:: Exercise requirements ::
Look through the records below for the line with "Dsquarosso2 Jeans Skinny". Return that line and each one after it up to and including the line with "Garfo de Mesa Aço Inox Classic Tramontina", exactly.

:: Entries shown ::
# # # # #
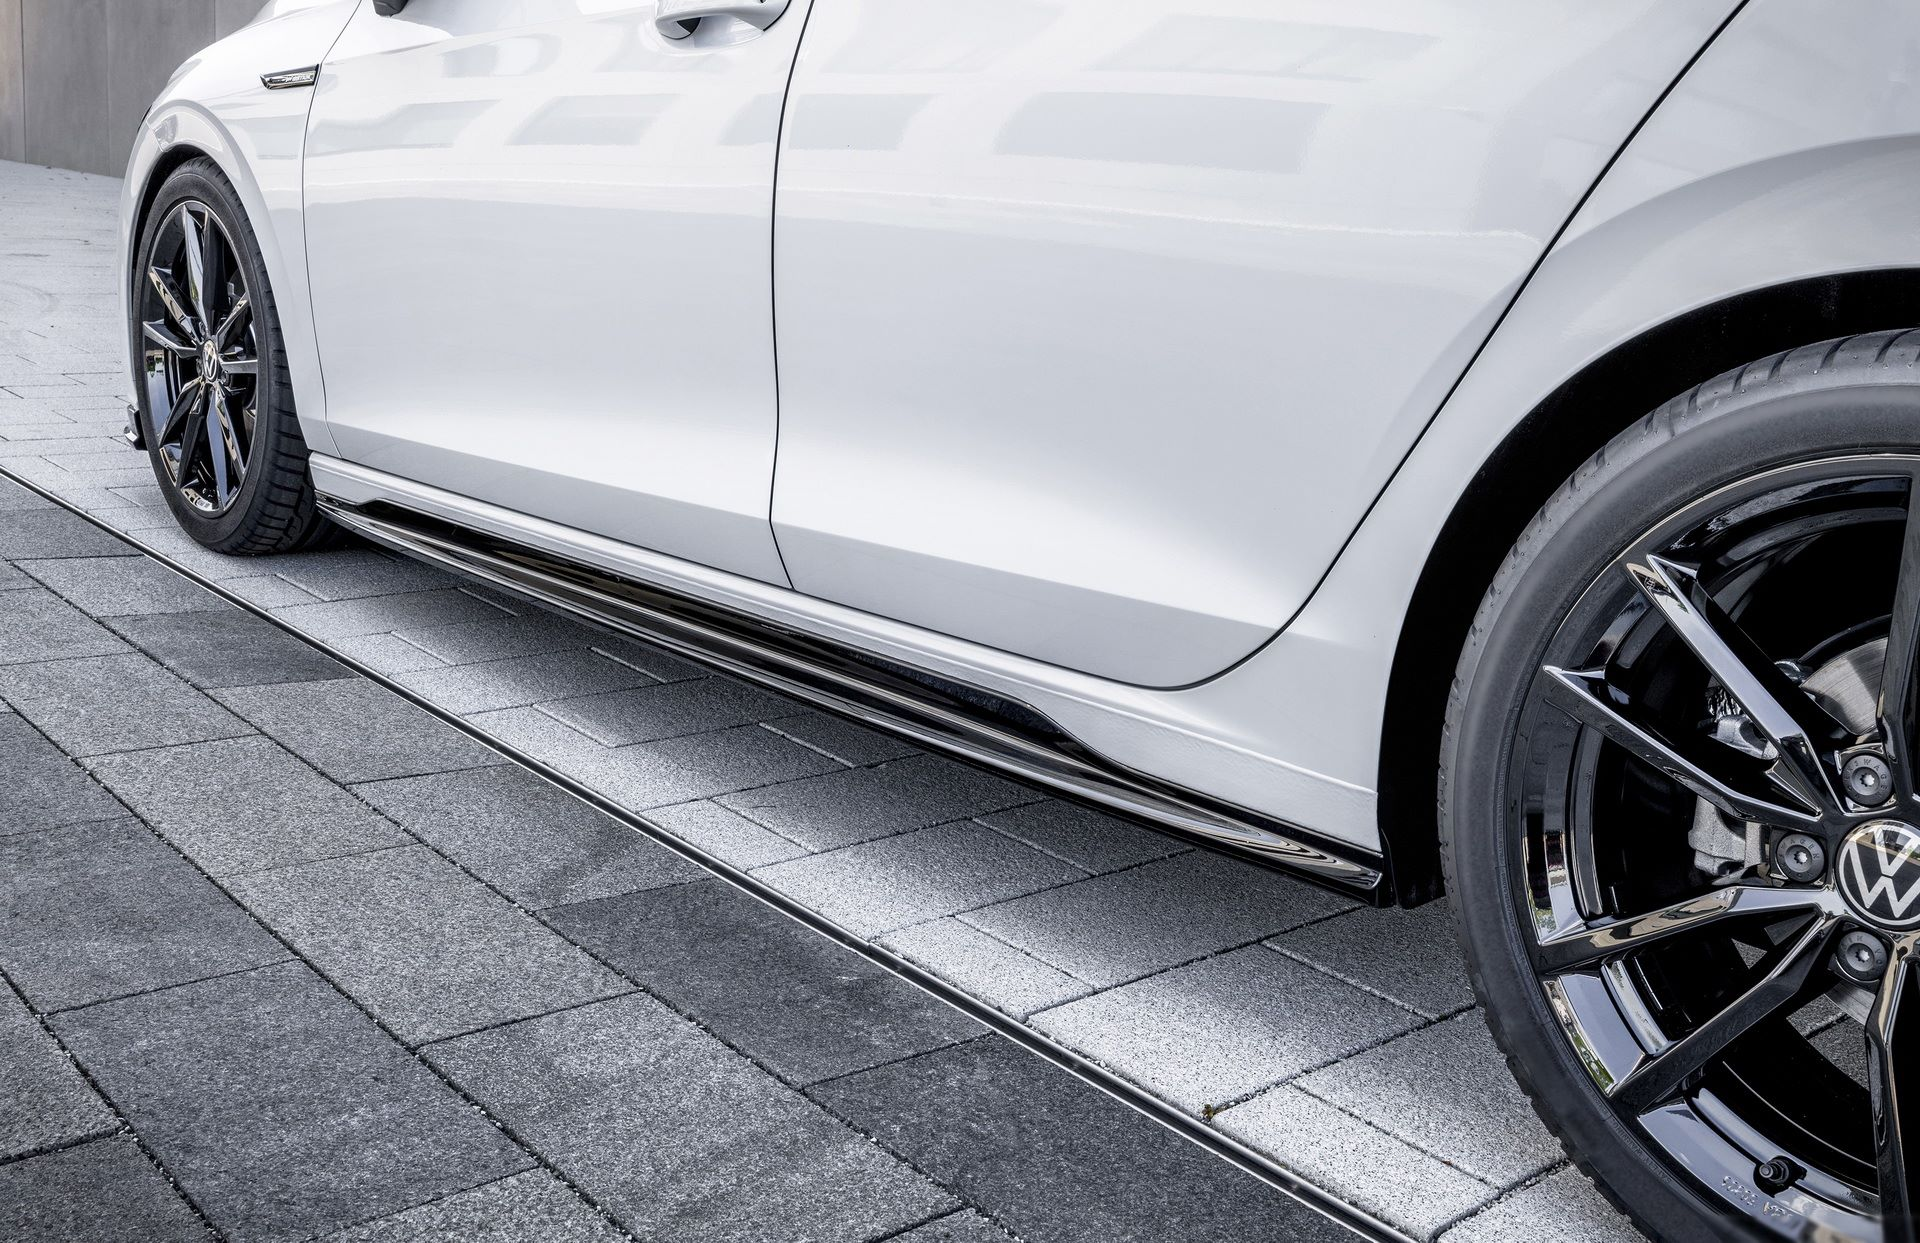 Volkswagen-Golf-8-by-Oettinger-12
# # # # #
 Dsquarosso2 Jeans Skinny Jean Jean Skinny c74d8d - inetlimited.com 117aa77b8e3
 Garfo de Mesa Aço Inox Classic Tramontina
# # # # #
:: Exercise solution ::
 Dsquarosso2 Jeans Skinny Jean Jean Skinny c74d8d - inetlimited.com 117aa77b8e3
 Garfo de Mesa Aço Inox Classic Tramontina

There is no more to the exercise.